There are multiple examples of other video game companies employing toxicity curbing measures in the past, in games such as Rainbow Six Siege and Fall Guys. However these systems can sometimes get very heavy handed, like instant bans, or that they act as a black box, with players having little to no knowledge of when they are punished.

However there is some historical precedent for suggesting that by placing a blanket over all players labelled toxic and forcing them to play together, it perpetuates a cycle that will not allow them to rectify their online credentials and return to a more reasonable state of play.

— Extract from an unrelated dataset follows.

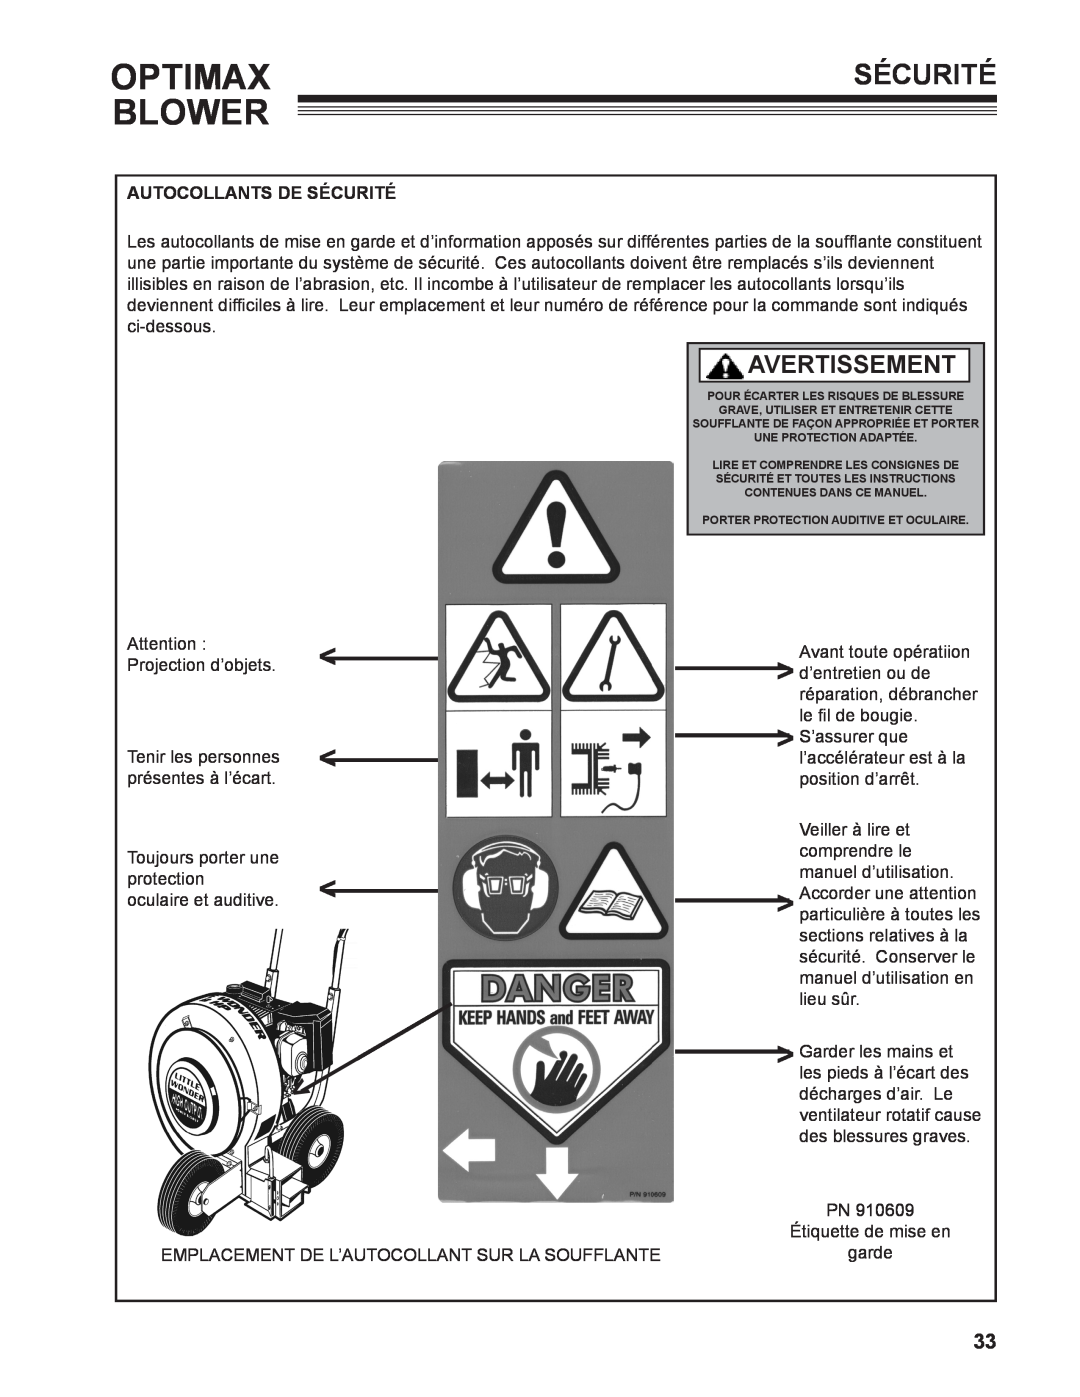 Little Wonder 9131-00-01 technical manual Optimax, Blower, Avertissement, Autocollants De Sécurité 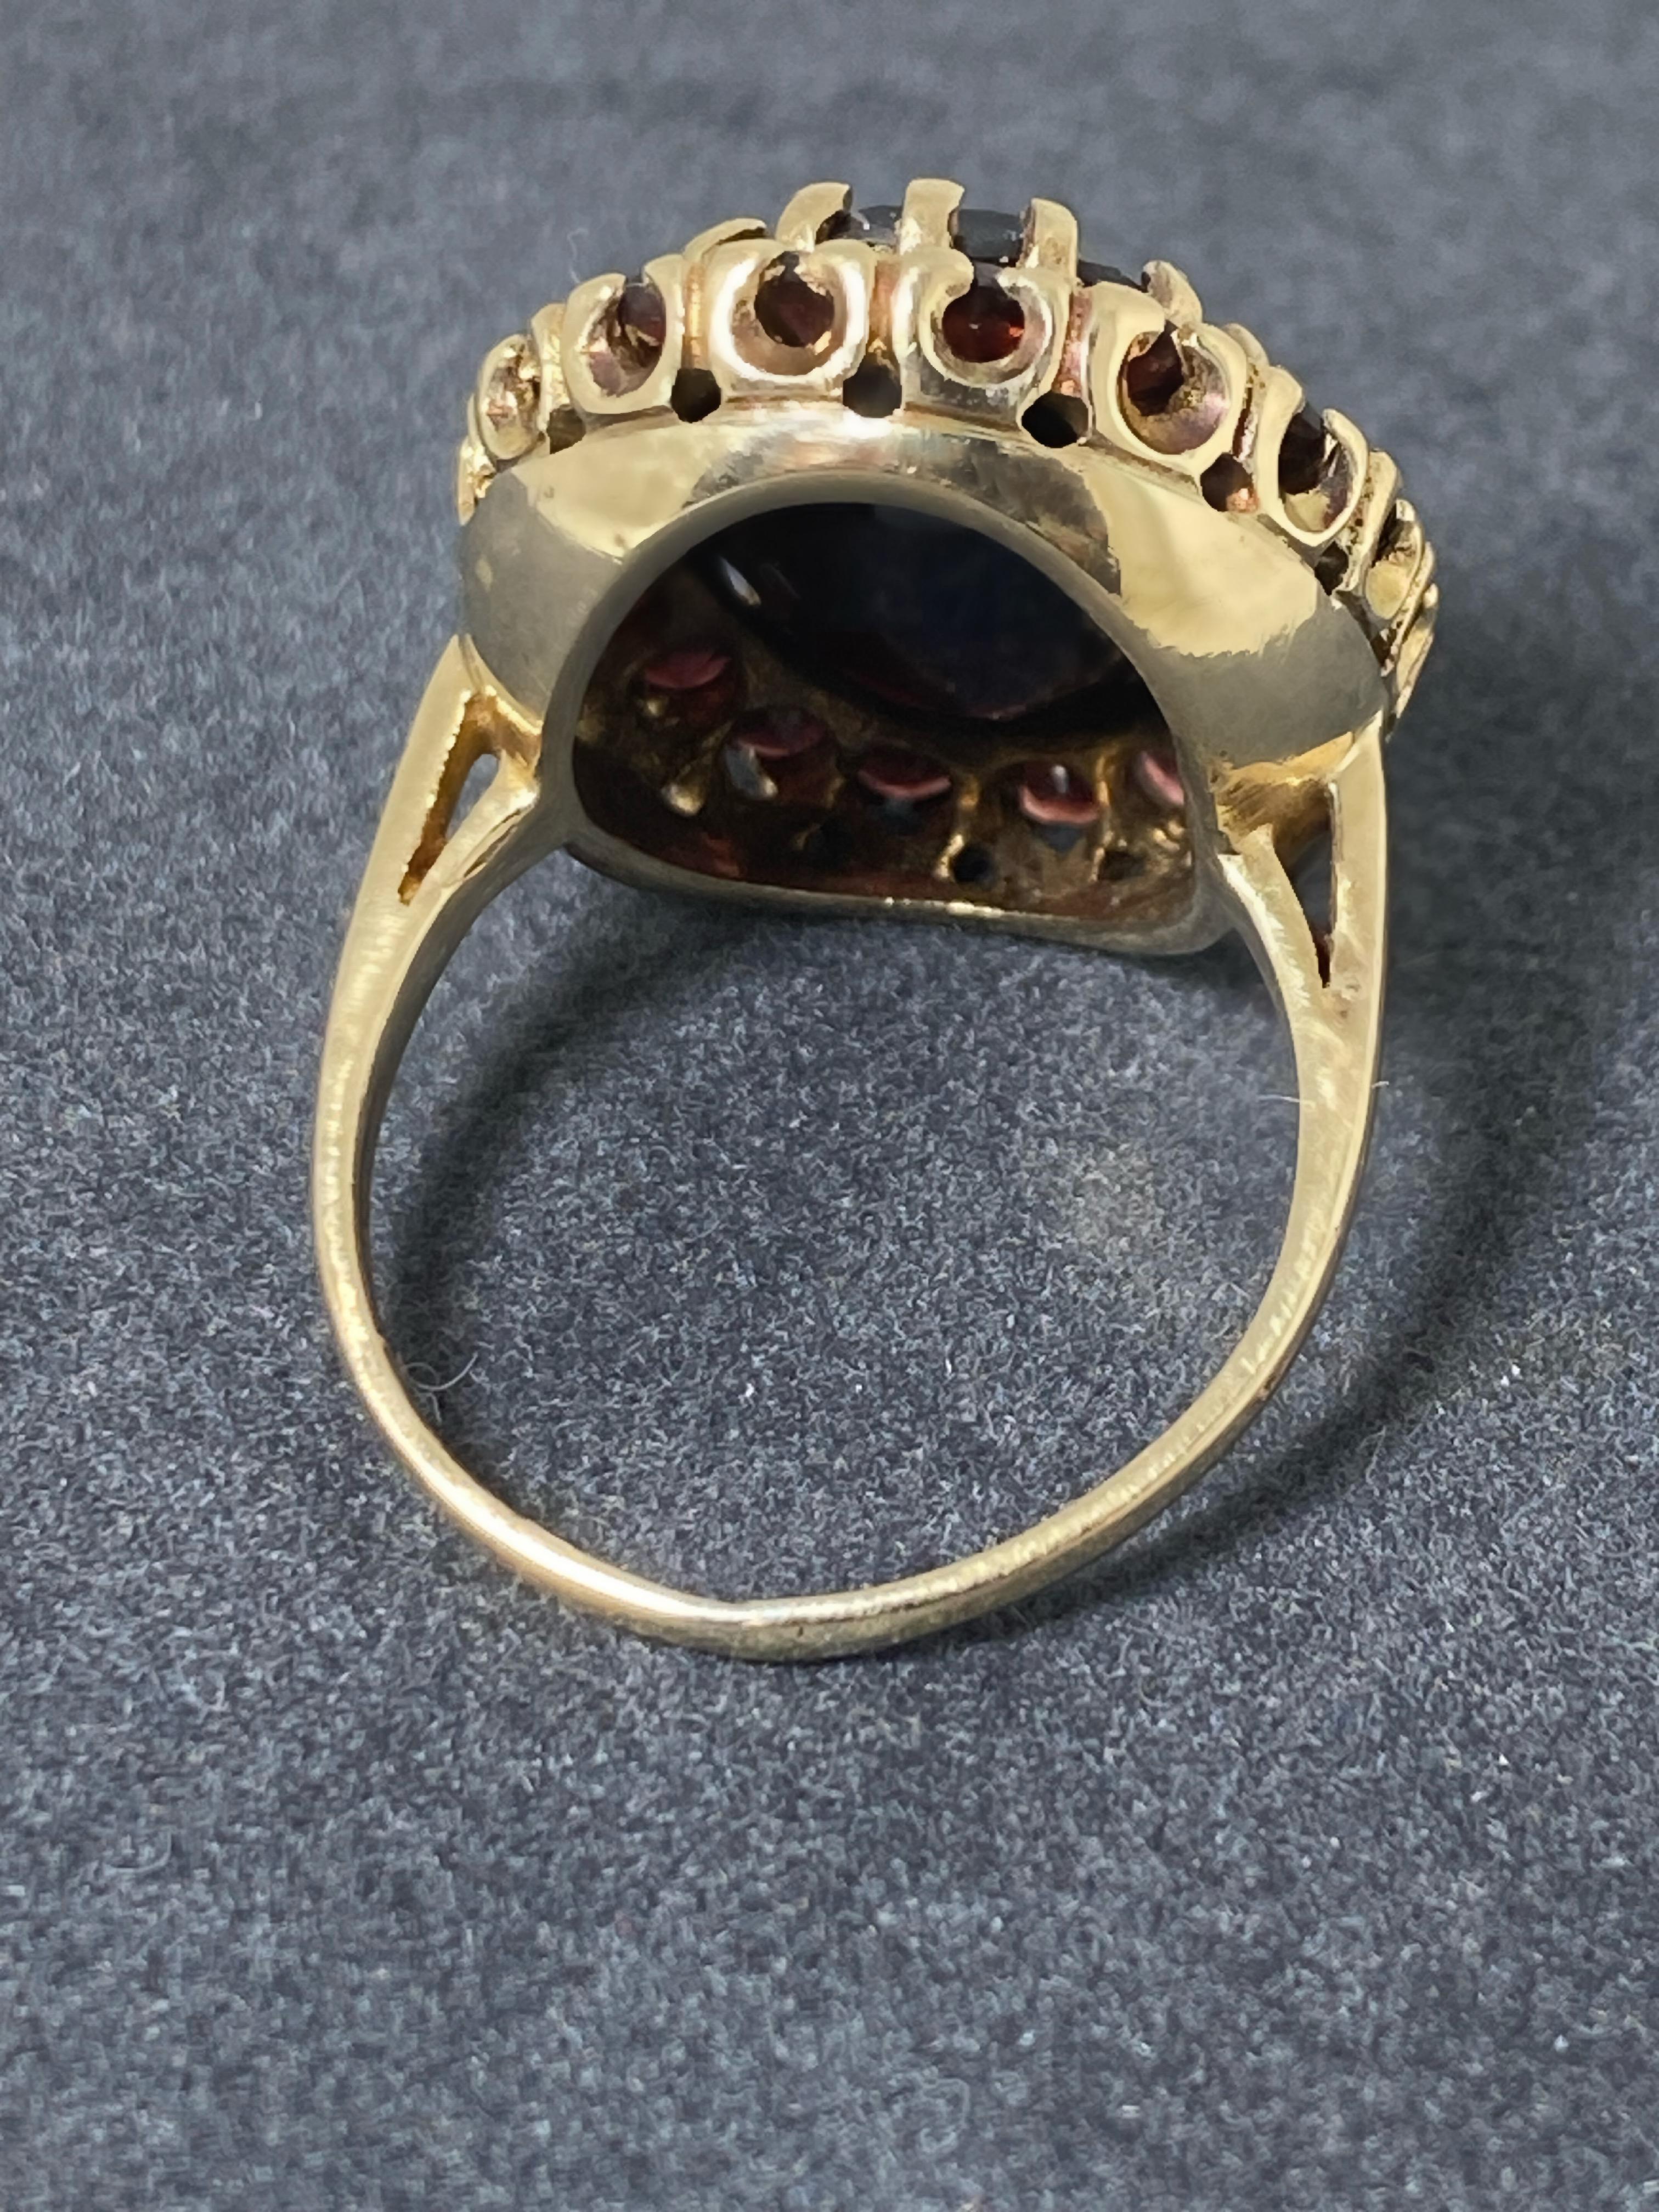 Oval Cut Antique Edwardian 13.50ct Garnet Ring in 9K Yellow Gold, English Hallmarks, G&TJ

One popular case of this is with Nintendo’s Super Smash Bros. Dubbed by the community as ‘’For Glory Hell’’, toxic players were matched with each other based on a recommendation system with no notification or warnings that you were being downgraded in an invisible player ranking. Players labelled toxic would gradually find themselves only being matched with other griefers, leaving them little recourse but to keep reporting each other and remain in the proverbial naughty corner forever.

However things play out, don’t expect this prospective technology to change the gaming landscape any time soon. As a publisher of games, Amazon has not exactly been pumping out hits since its inception over 8 years ago.

After shutting down it’s first online game, Crucible, after only 5 months, the most likely implementation of this technology by the company would be in Athlon Games’ Lord of the Rings MMO, with whom Amazon is partnering, but this title has no release date and only sparse details about its development so far.

Until refinements in technology come to save the day once again, the best advice we can give you is to just try to play nice with each other, ok?